Von Dieter Nürnberger | 13.07.2016
    Eine Familie beim einkaufen im Supermarkt.
    Was genau ist drin und stimmt das wirklich? (imago stock&people)
    Das Projekt Lebensmittelklarheit ist ein Internetportal - übrigens finanziert aus Mitteln des Bundesverbraucherministeriums - wo Kunden Lebensmittel melden können, die aus ihrer Sicht in der Aufmachung oder in der Produktinformation Mängel haben.
    Die Verbraucher haben diese Möglichkeit auch genutzt: Knapp 800 Produkte landeten dem Portal. Weil die Etiketten auf den Produkten mehr versprechen, als eingehalten werden kann - oder weil Falsches versprochen wird. Die Hersteller werden dann mit diesen Vorwürfen konfrontiert und können natürlich Stellung nehmen. Auch auch dieses Verfahren kann dann vom Kunden auf dem Portal transparent nachverfolgt werden.

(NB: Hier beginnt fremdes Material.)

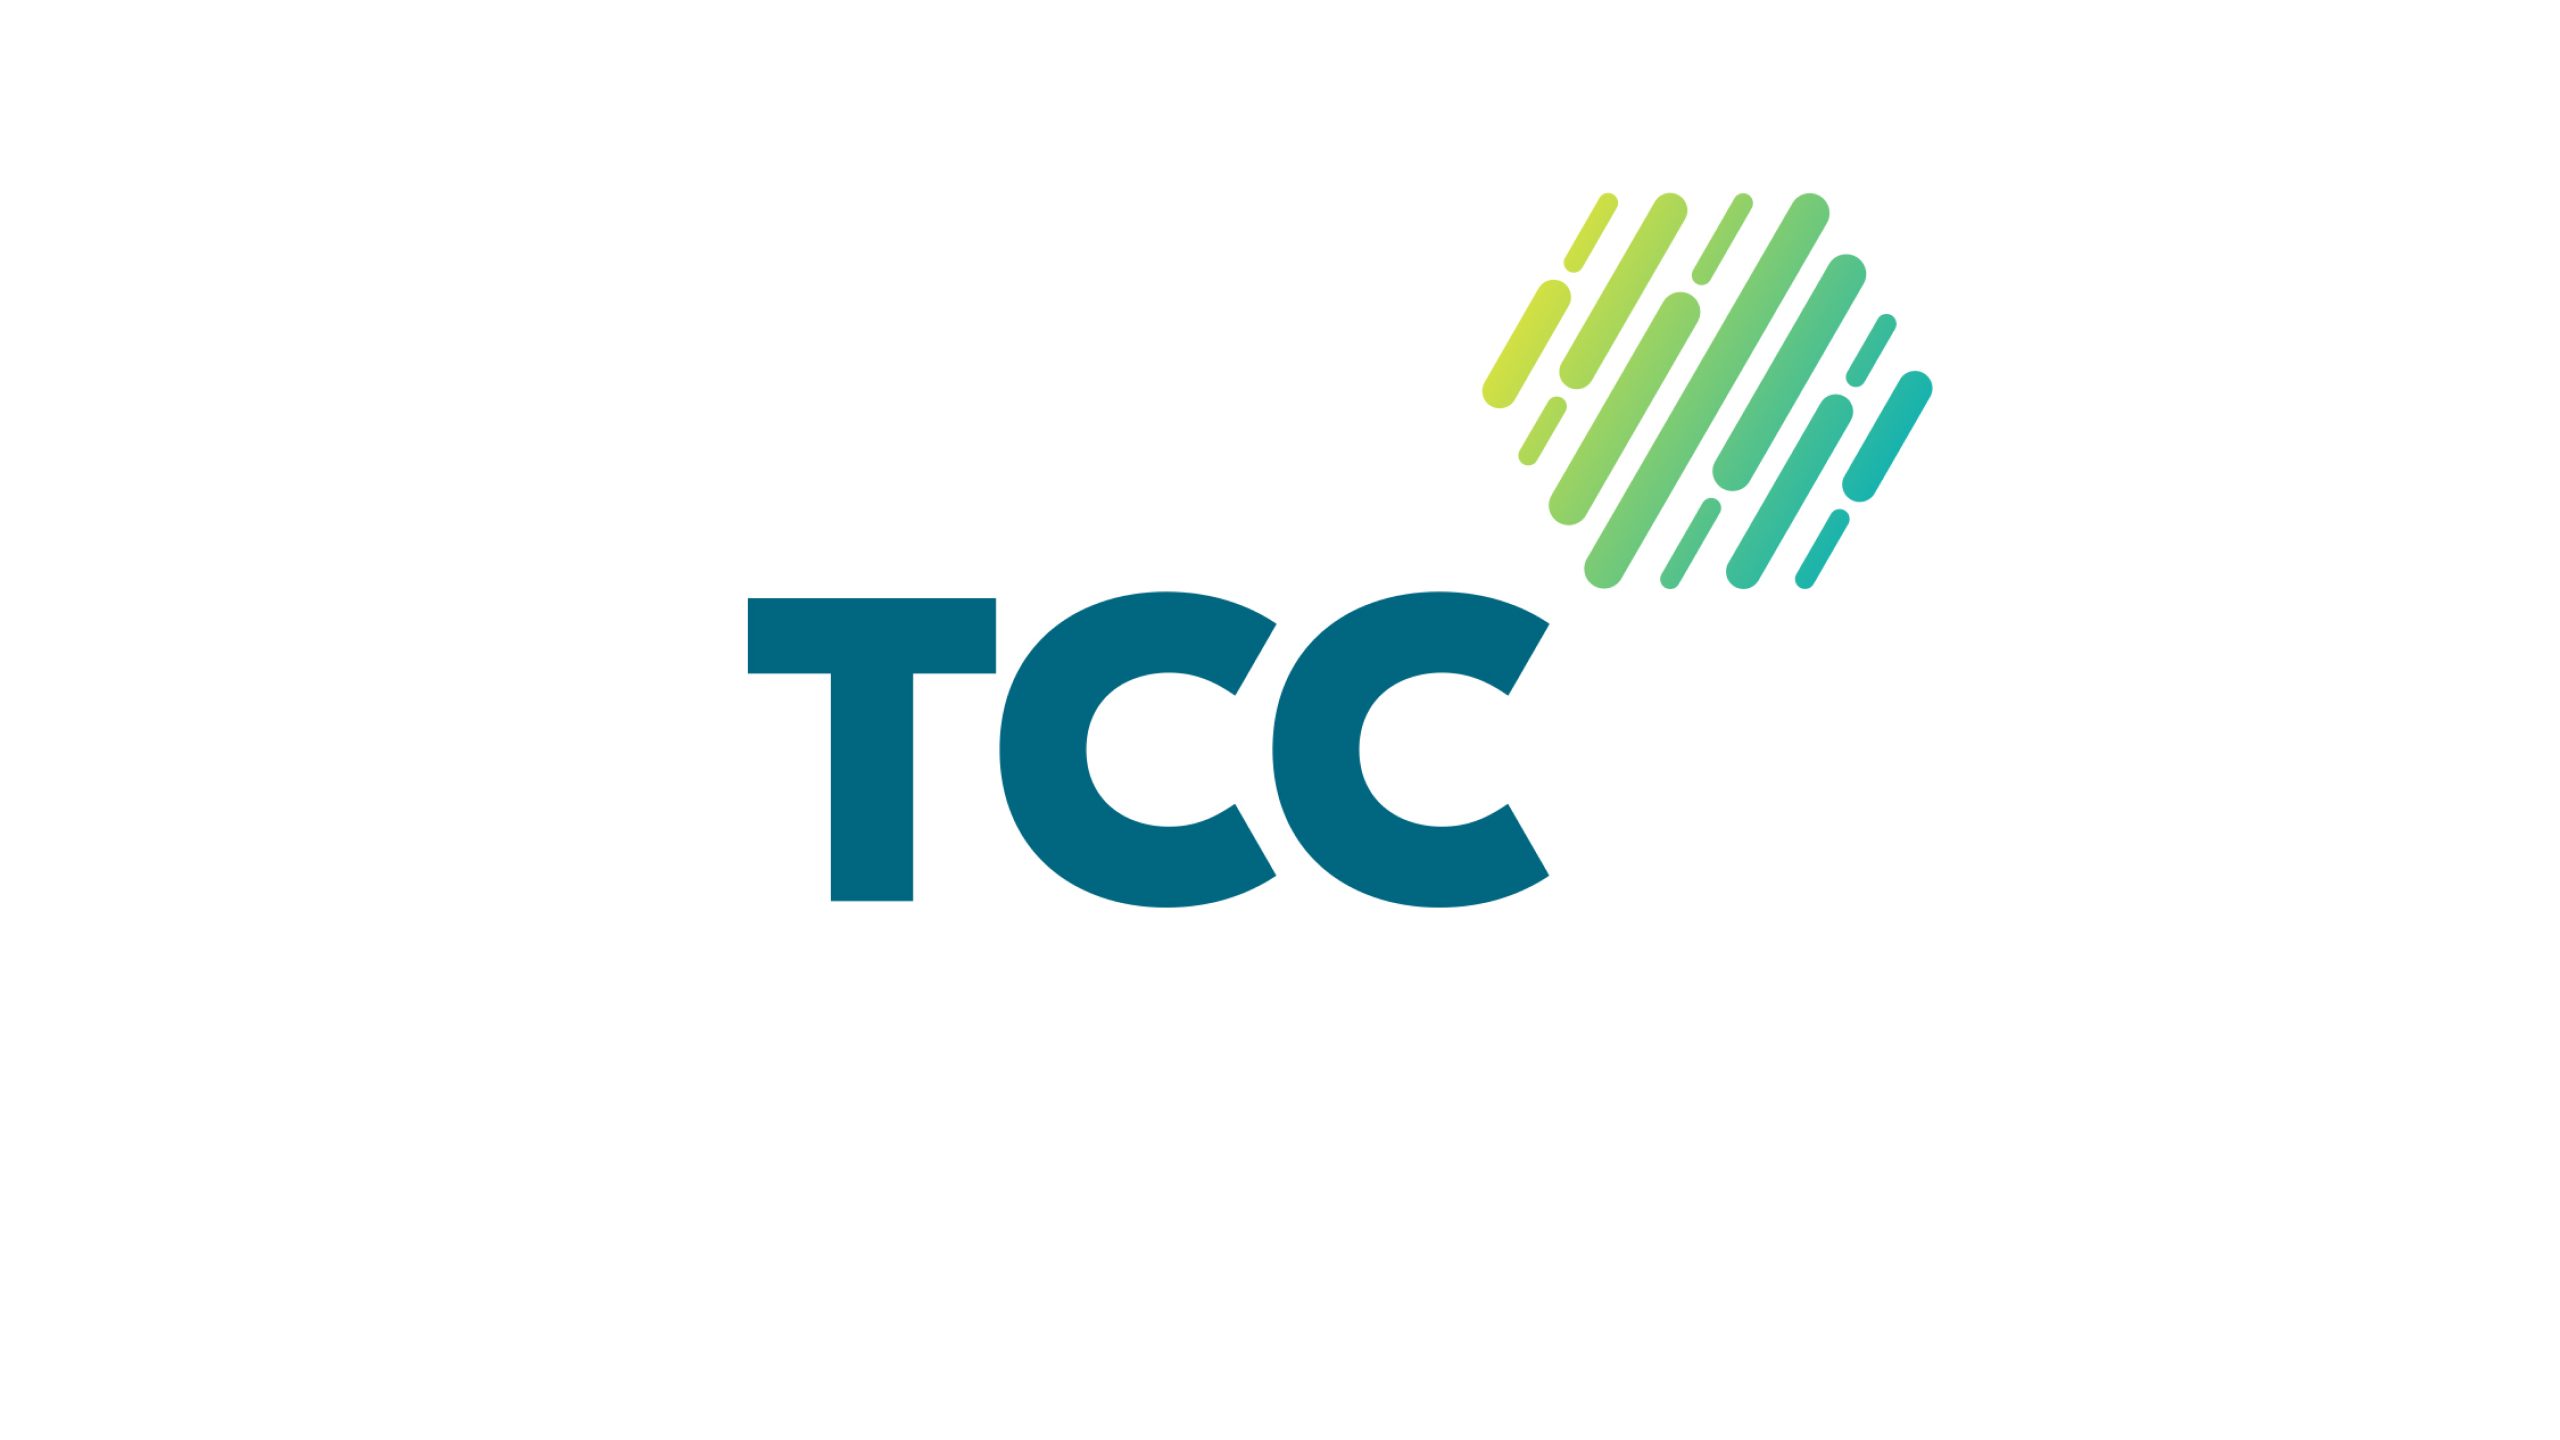 TCC colour logo

    Klaus Müller vom Vorstand des Verbraucherzentrale Bundesverbandes zog heute zumindest eine positive Bilanz - und er konnte dies auch anhand von Zahlen untermauern:
    "Die Hersteller - das ist ja unser Ziel - reagieren. Rund ein Drittel steht in der Rubrik 'geändert'. Geändert bedeutet, dass die Hersteller die Verpackung infolge der Kritik modifiziert, angepasst oder geändert haben. Und ein kleiner Teil der Produkte wurde sogar vom Markt genommen."

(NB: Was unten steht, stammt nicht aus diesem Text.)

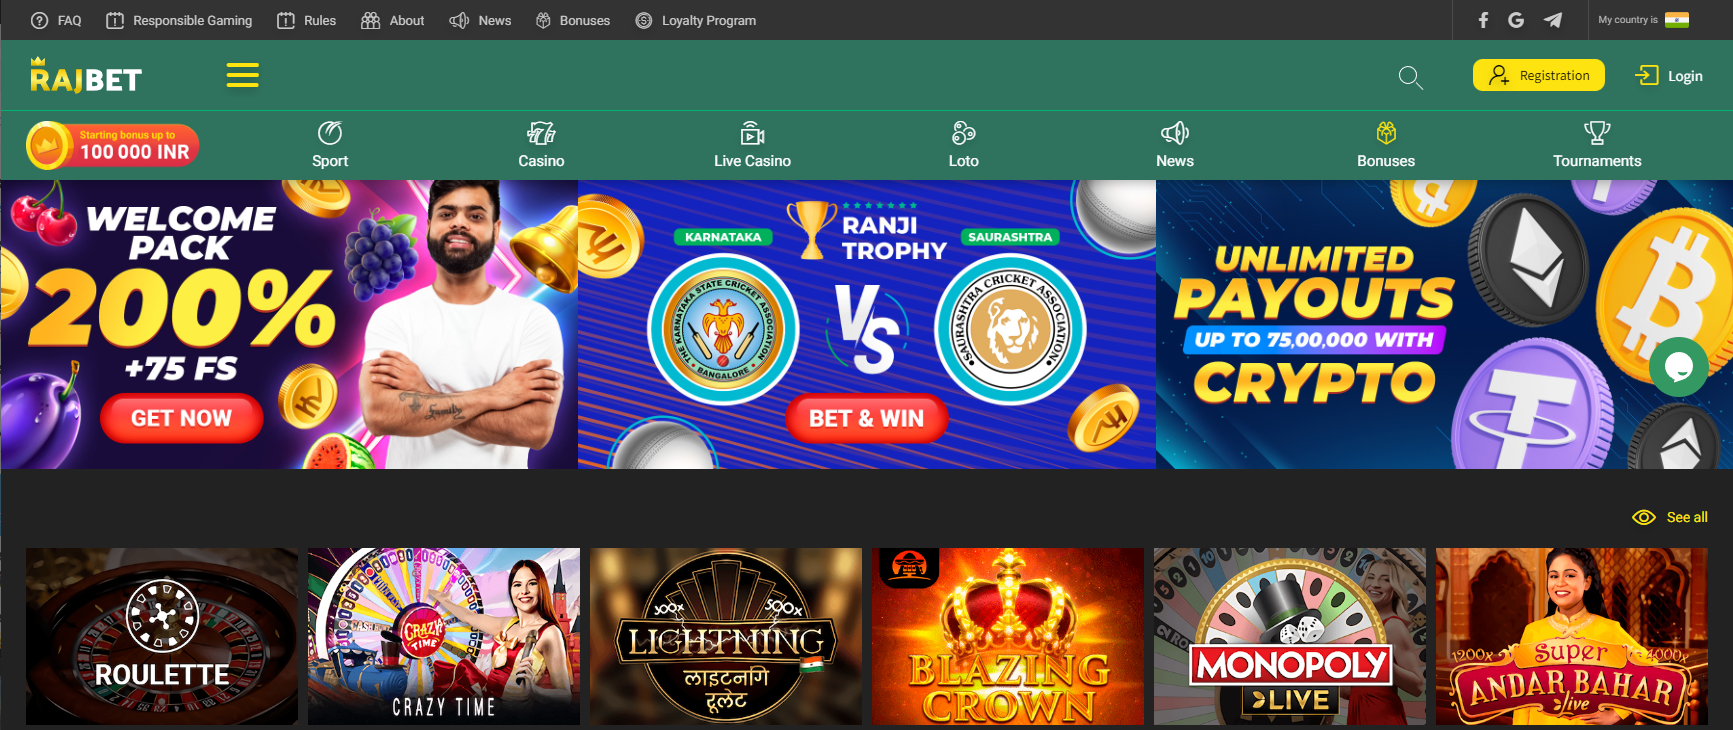 RajBet casino homepage

    Pro Woche werden im Schnitt 13 Produkte und deren Aufmachung von Verbrauchern gemeldet oder kritisiert. Darunter auch ganz prägnante Beispiele: Etwa ein Cappuccino, der mit dem Zusatz "ungesüßt" beworben wird, dennoch aber fast 50 Prozent Zucker aufweist. Oder auch eine Mozzarella-Pizza, bei der allerdings deutlich mehr Edamer als Mozzarella verarbeitet wurde.
    Das sind einige eindeutige "Klassiker" der Verbrauchertäuschung. Oft allerdings ist das gar nicht so offensichtlich. Von Verbrauchern kritisiert wurde beispielsweise auch der Saft "Hohes C - heimische Früchte" des Herstellers "Eckes Granini". Auf dem Vorderseiten-Etikett sind gleich groß Äpfel und Holunderbeeren abgebildet. Schaut man auf das Inhaltsverzeichnis hinten auf der Flasche, stellt man allerdings fest, dass über 90 Prozent des Saftes aus Apfelsaftkonzentrat besteht.

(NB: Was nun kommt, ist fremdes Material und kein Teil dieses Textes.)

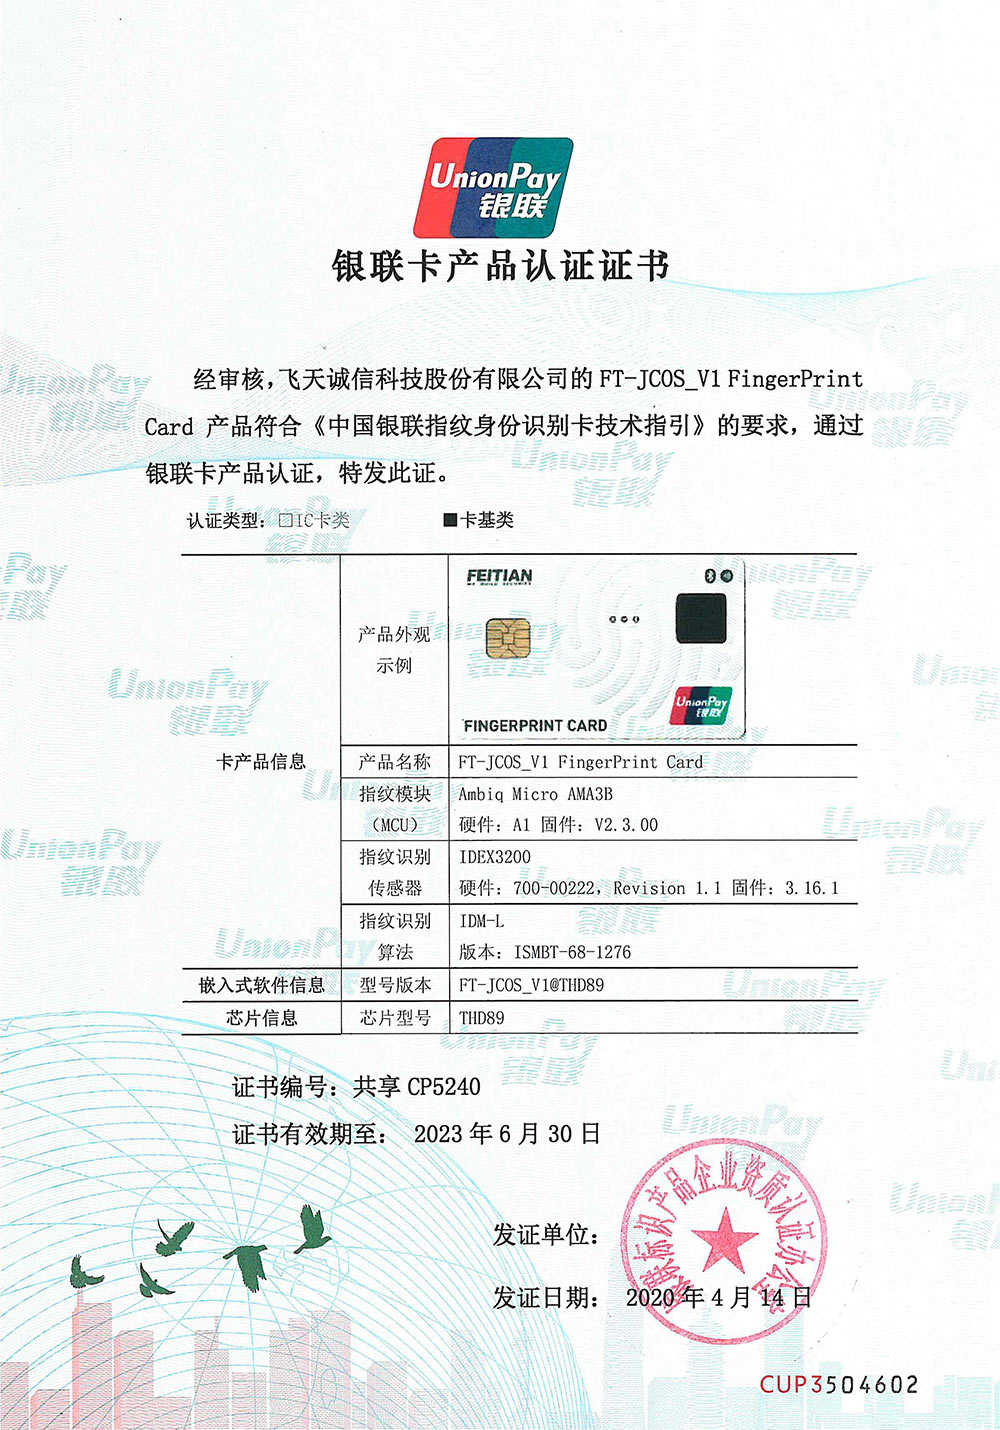 Fingerprint Payment Card UnionPay Product Certification

    Und beim Punkt "Heimische Früchte" stellt sich dann heraus, dass diese generell aus Deutschland und Österreich stammen, in geringen Zutaten sogar aus Südamerika. Interessant ist dann natürlich die Stellungnahme des Herstellers "Eckes Granini": Wir zitieren einen Auszug daraus.

    "Als nationaler Hersteller erheben wir weder den Anspruch ein regionales Produkt anzubieten, noch wollen wir den Anschein erwecken. Auf die Herkunft der Früchte weisen wir daher auf dem Etikett hin."
    Auch ein Tätigkeitsfeld für die Politik
    Wir lernen also: "Heimische Früchte" sind zumindest nicht per se regionale Früchte. Wir haben beim Hersteller auch noch mal nachgefragt - dieser Saft werde inzwischen nicht mehr produziert, heißt es, aber nicht etwa, weil man die Kritik einzelner Verbraucher nachvollziehen kann, sondern, weil man nun ein neues, ein anderes Produkt anbieten möchte.
    Es gibt somit für das Projekt Lebensmittelklarheit viel zu tun, sagt der Verbraucherzentrale Bundesverband. Diese Arbeit wird auch von der Verbraucherorganisation Foodwatch geschätzt, doch verweist deren stellvertretender Geschäftsführer Matthias Wolfschmidt gleichzeitig darauf, dass ein Vorgehen gegen eindeutige Verbrauchertäuschung auch Sache der Politik sein müsse.

    "Inzwischen sind auf dem Portal Hunderte von Produkten als "täuschend" eingestuft worden. Das zeigt, es gibt ein Problem im Markt. Es zeigt sich allerdings auch: Dieses Problem lässt sich nicht allein durch das Aufzeigen einzelner problematischer Fälle lösen. Da ist der Gesetzgeber gefragt. Es ist überfällig, dass die Bundesregierung hier endlich tätig wird und dieser weitverbreiteten Täuschung und Irreführung einen Riegel vorschiebt. Davor drückt sich bislang aber der zuständige Bundesverbraucherminister Schmidt."

    Dem Verbraucherportal Lebensmittelklarheit kann somit ein gewisser Erfolg bescheinigt werden, einige Hersteller haben fragwürdige Etiketten inzwischen modifiziert. Und noch eines: Als vor fünf Jahren das Projekt gegründet wurde, geschah dies mit reichlich Gegenwind aus der Wirtschaft.